In a Cox regression model where our variable of interest is continuous (e.g., a lab measurement);
If we want to obtain something other than a unit risk ratio for that variable (e.g., the hazard ratio of mortality among people who are in Quartile 4 (>75 percentile) vs Quartile 1 (< 25 percentile) for the lab measurement based on distribution of the measurements in our cohort), what would be the best way to integrate this variable into our model?
Would it be okay to create another column in our data which would indicate the quartile that person falls into and subsequently add that to the model?
Or is it better to run the model by keeping the variable as continuous, and then use the beta coefficient we find to calculate the hazard ratio by subtracting median values of different quartiles, multiplying them by the beta and exponentiation?
Thank you for your responses.
If your variable of interest is continuous, you almost always lose information by splitting the variable into a categorical effect.

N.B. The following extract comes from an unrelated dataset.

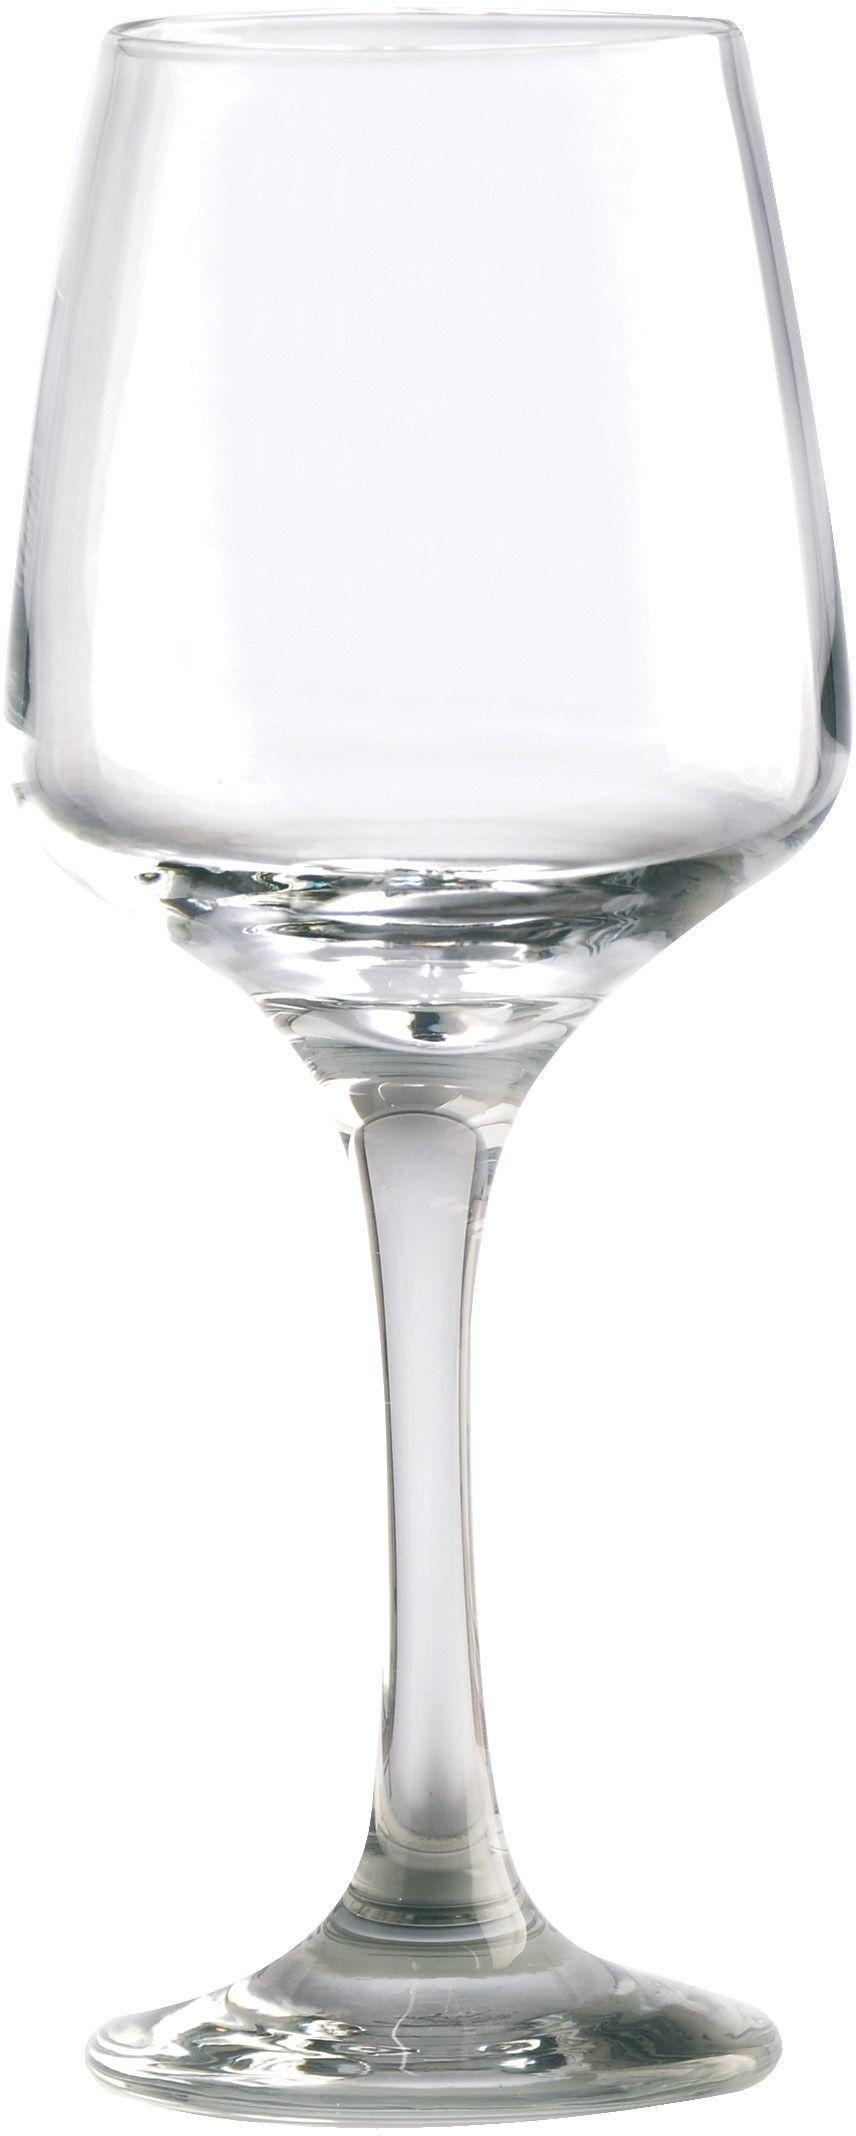 White apron asda - Buy Or Reserve More Details On Ravenhead Nova Set Of 4 Red Wine Glasses

The way you lose information is: choosing cutpoints based on the data rather than hypotheses, not borrowing information across adjacent groups, spending more degrees of freedom. Adjusting for the continuous effect is better in all these respects. This is a general modeling principle that has been recommended in linear, logistic, Cox, and other models.
The interpretation of a continuous variable in a Cox model is: a hazard ratio comparing groups differing by one unit in the variable. The interpretation you give in the second paragraph is the wrong interpretation unless that variable is scaled by it's range * 1.5. I would not recommend doing this. Dividing by range makes the effect a unitless quantity. Laboratory experts who interpret your analyses will be keenly interested to know the scale of effect, because they can well interpret the units, whether they are mmol/dL, mmHg, mg/kg or some other, contextualizing factor.